# TASK INSTRUCTIONS:
Transcribe the listing exactly as written. Leave the images out.

# AVAILABLE DATA:
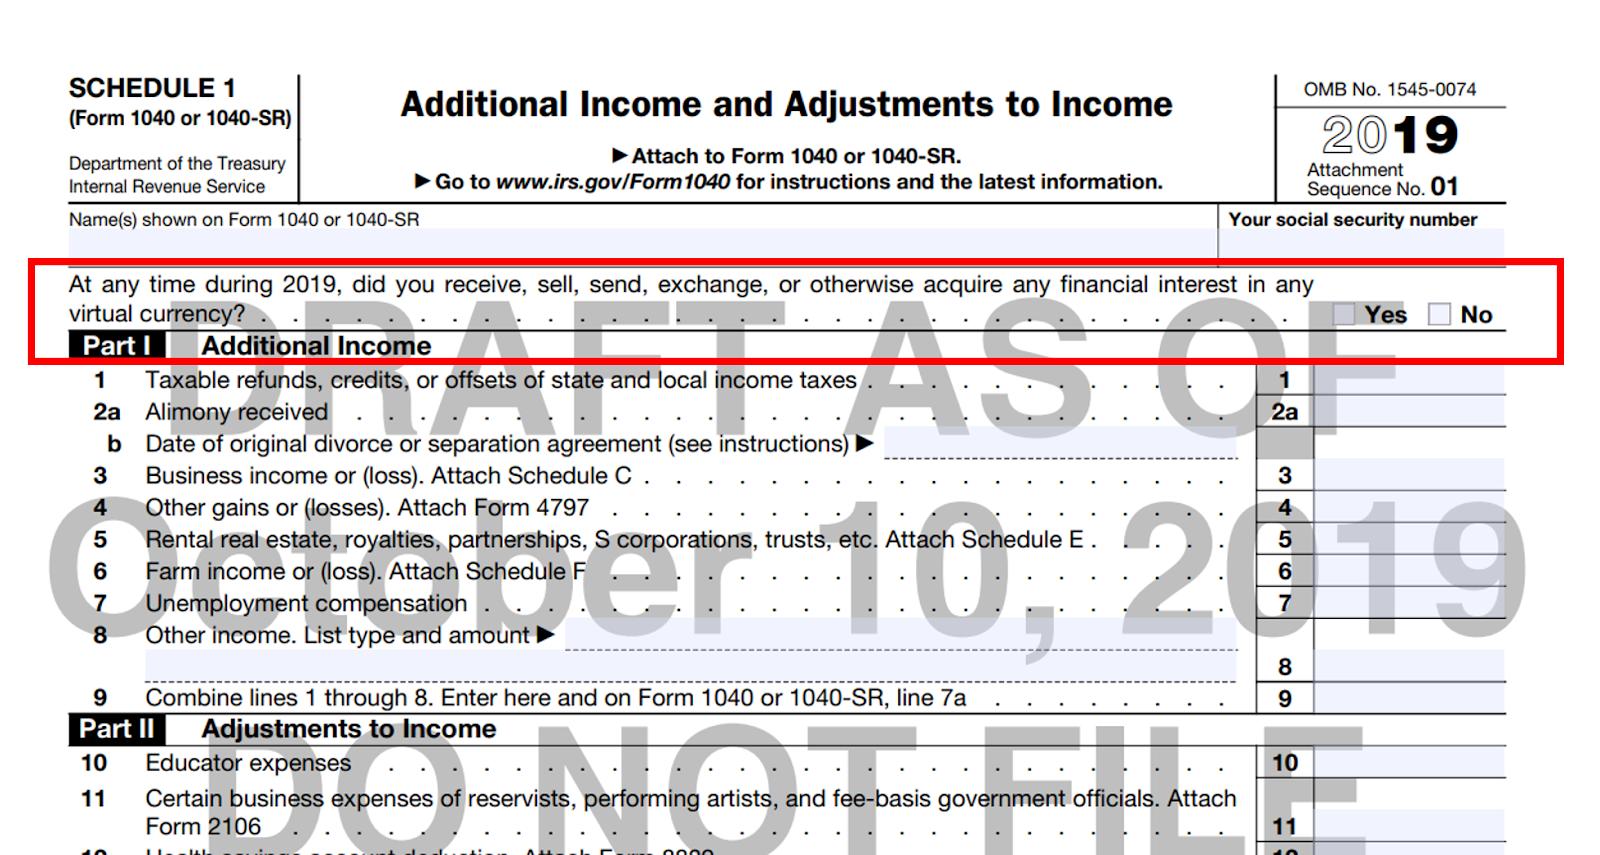 IRS Schedule 1, 2019 (draft)
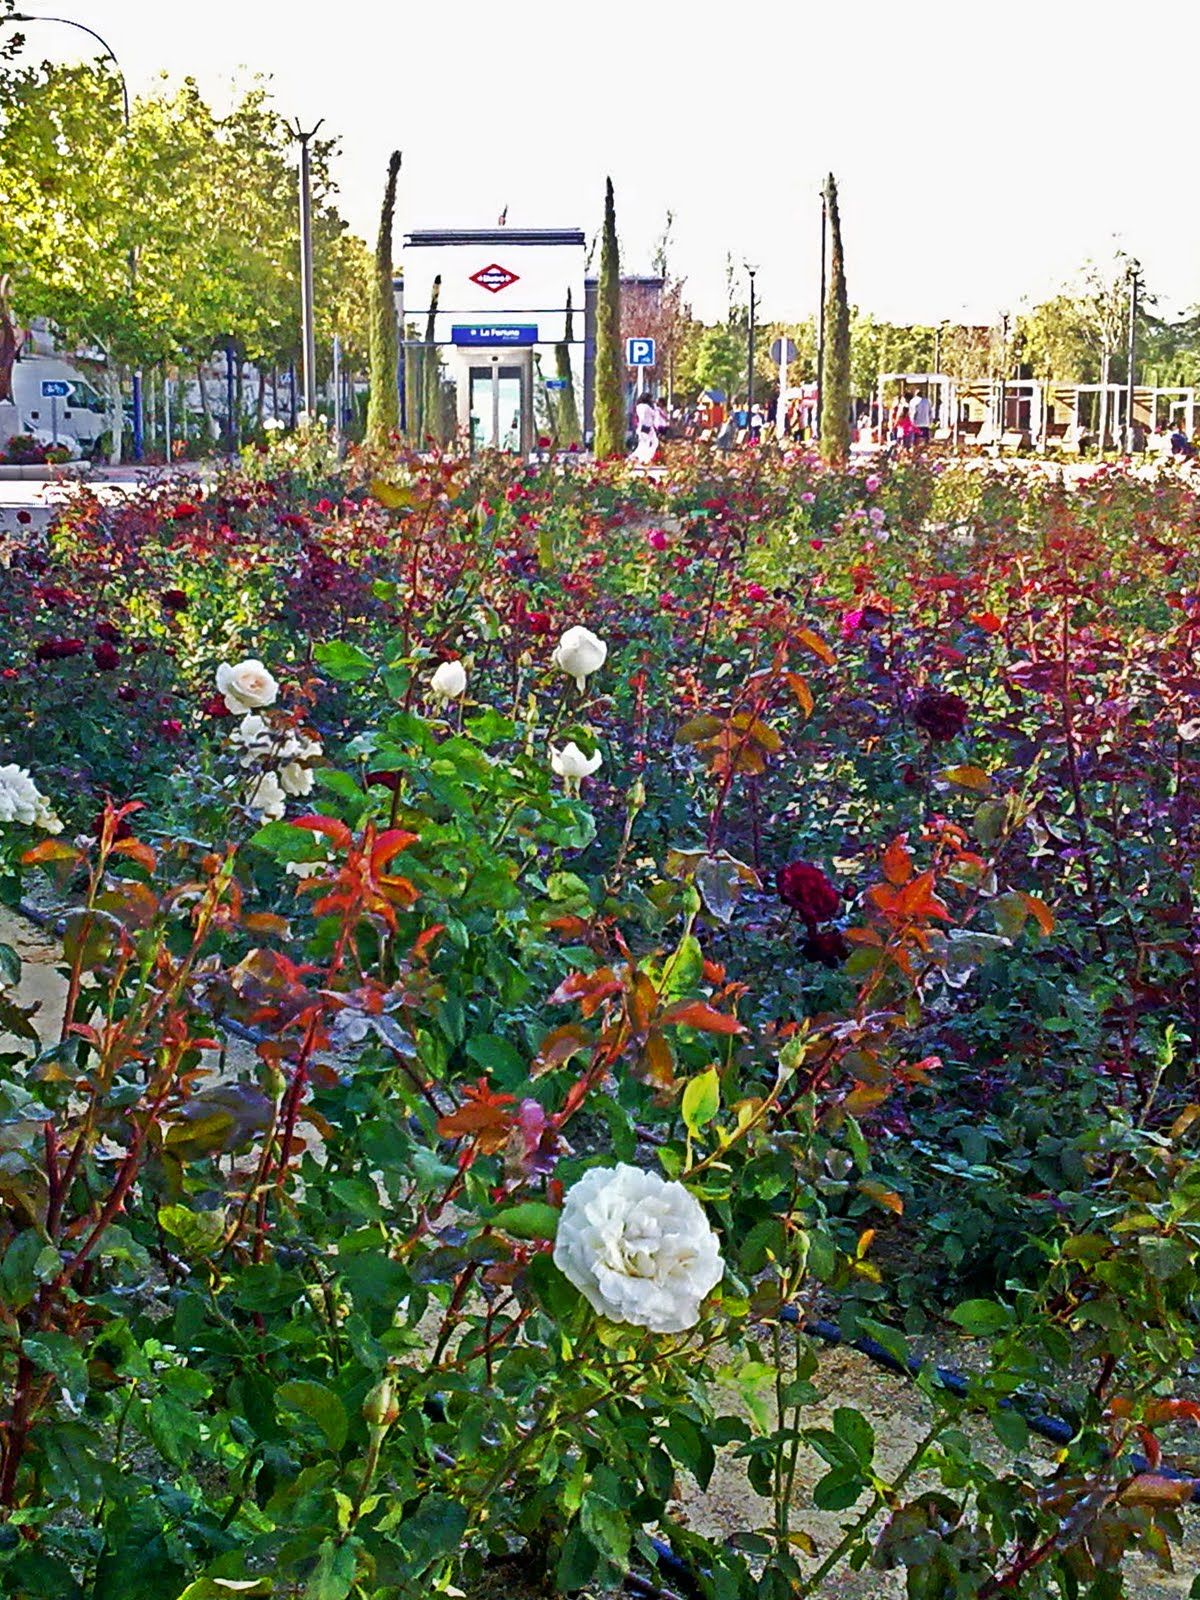 Jardin de rosas for Annette moreno jardin de rosas
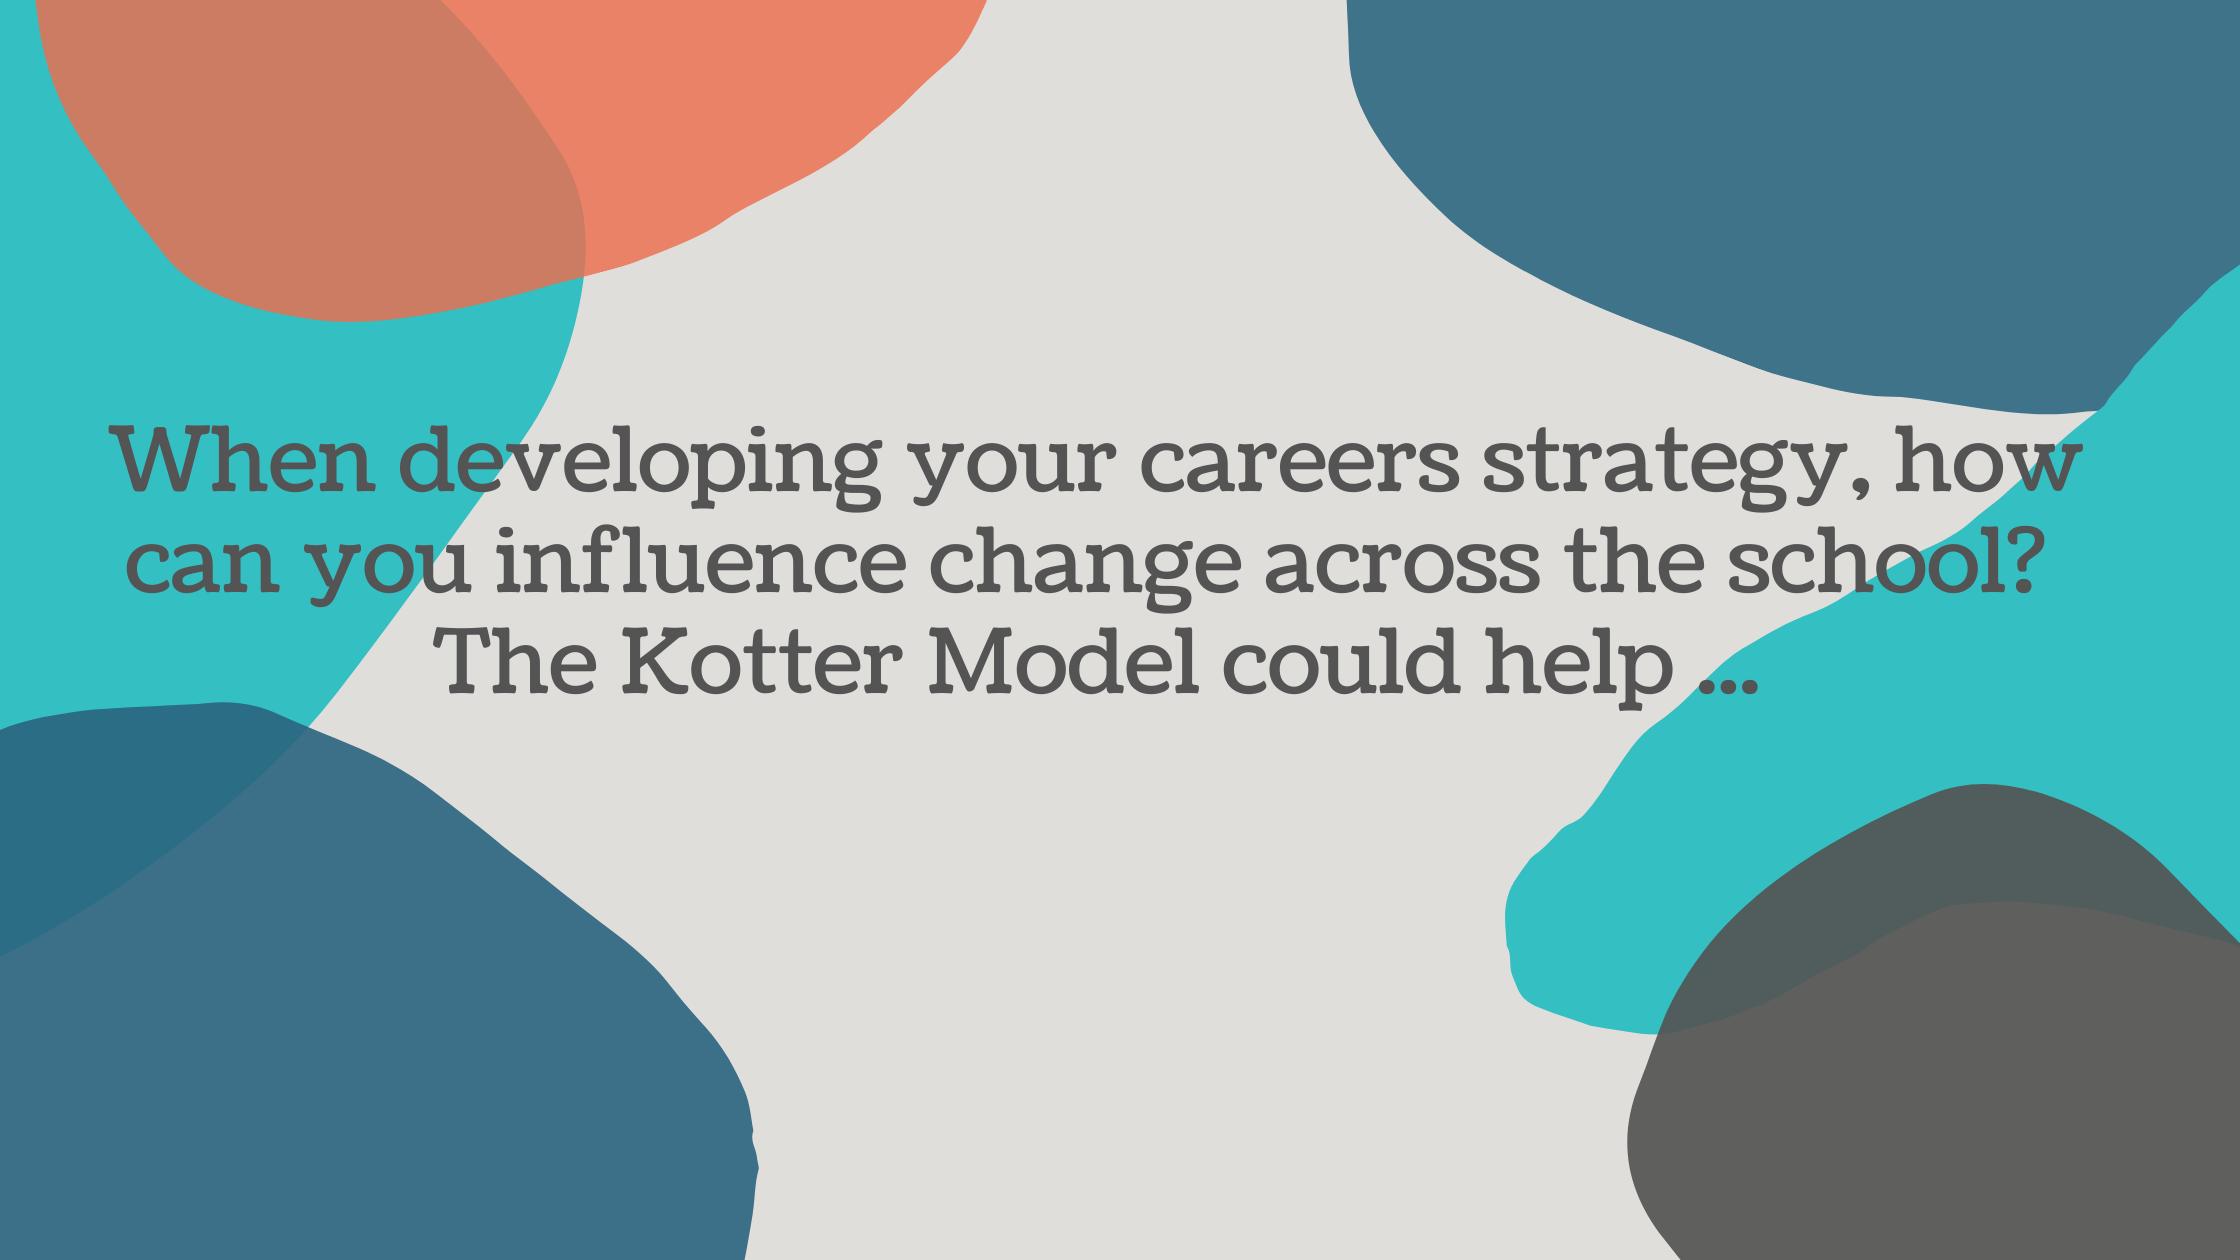 Kotter Model image
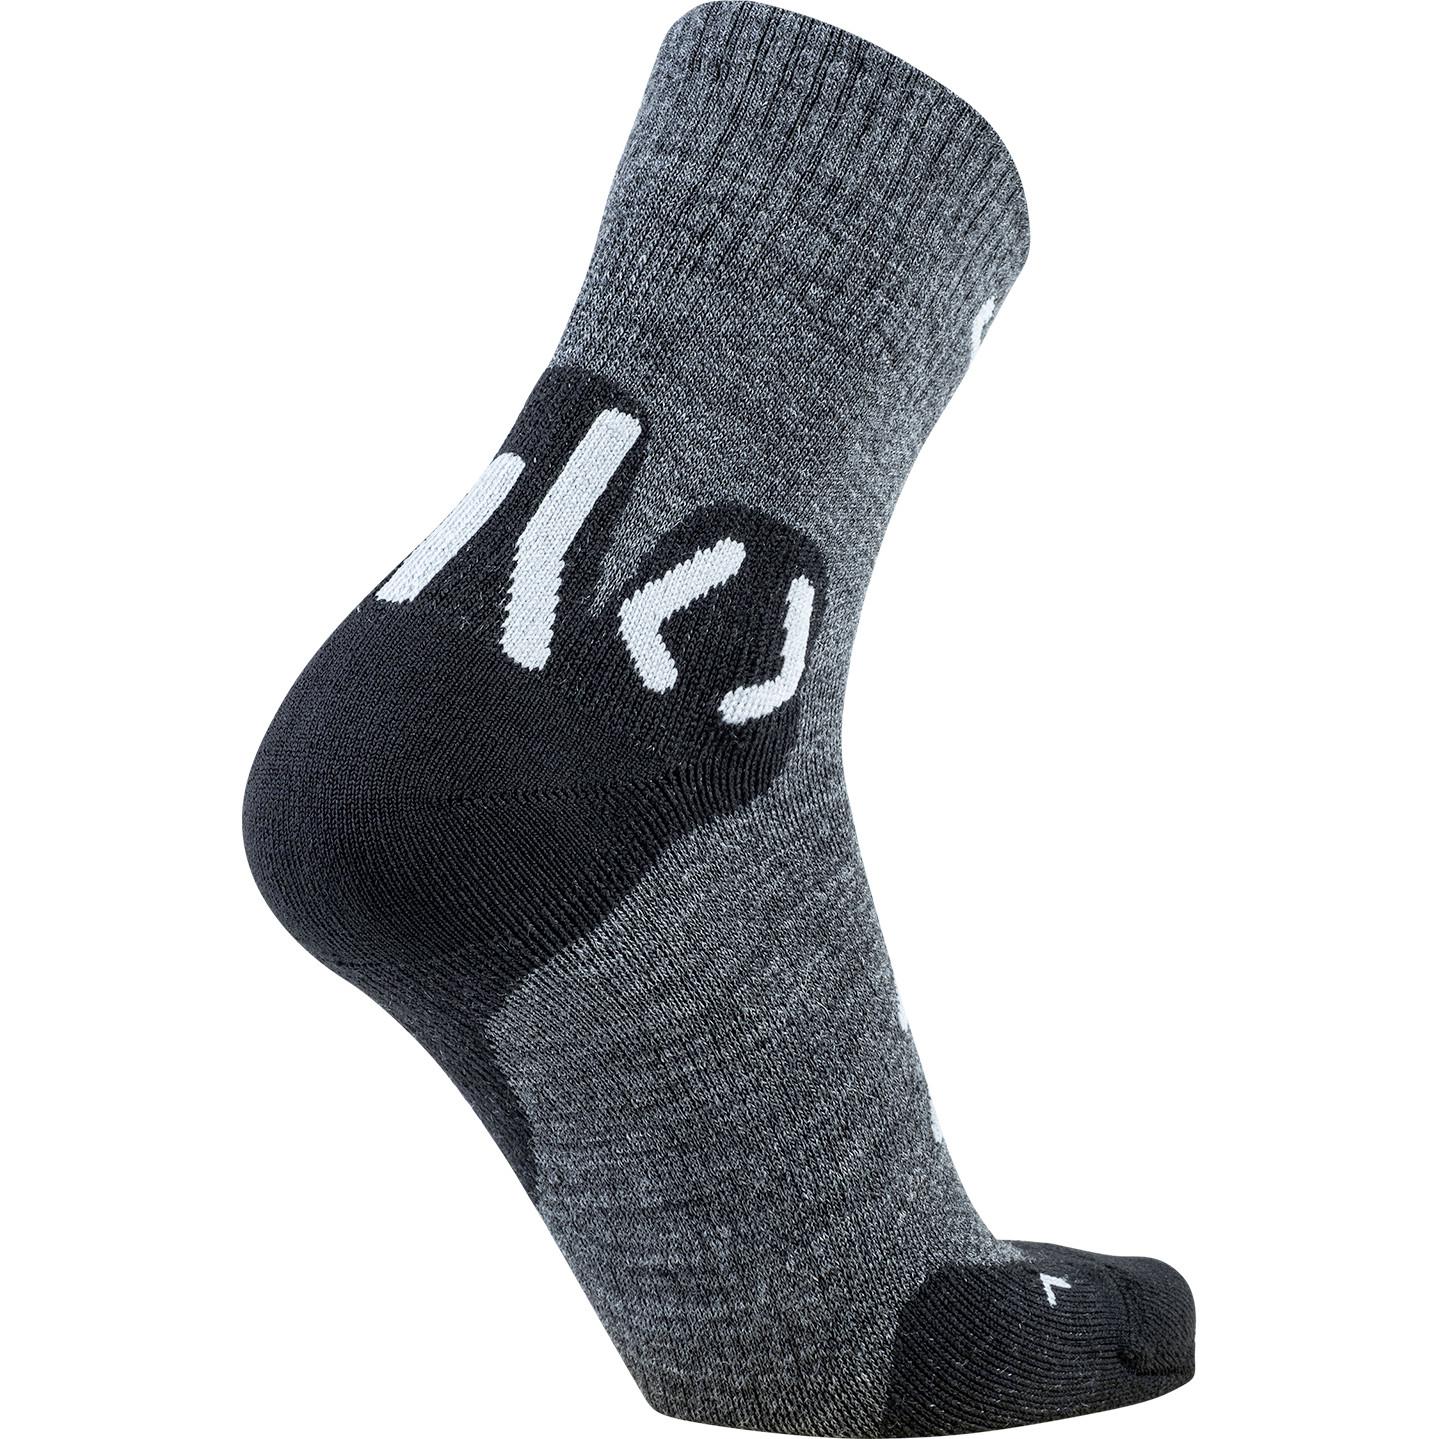 Image of UYN Man Trekking Approach Merino Mid Cut Socks - Anthracite/Black

# REPLY:
 IRS Schedule 1, 2019 (draft)
 Jardin de rosas for Annette moreno jardin de rosas
 Kotter Model image
 Image of UYN Man Trekking Approach Merino Mid Cut Socks - Anthracite/Black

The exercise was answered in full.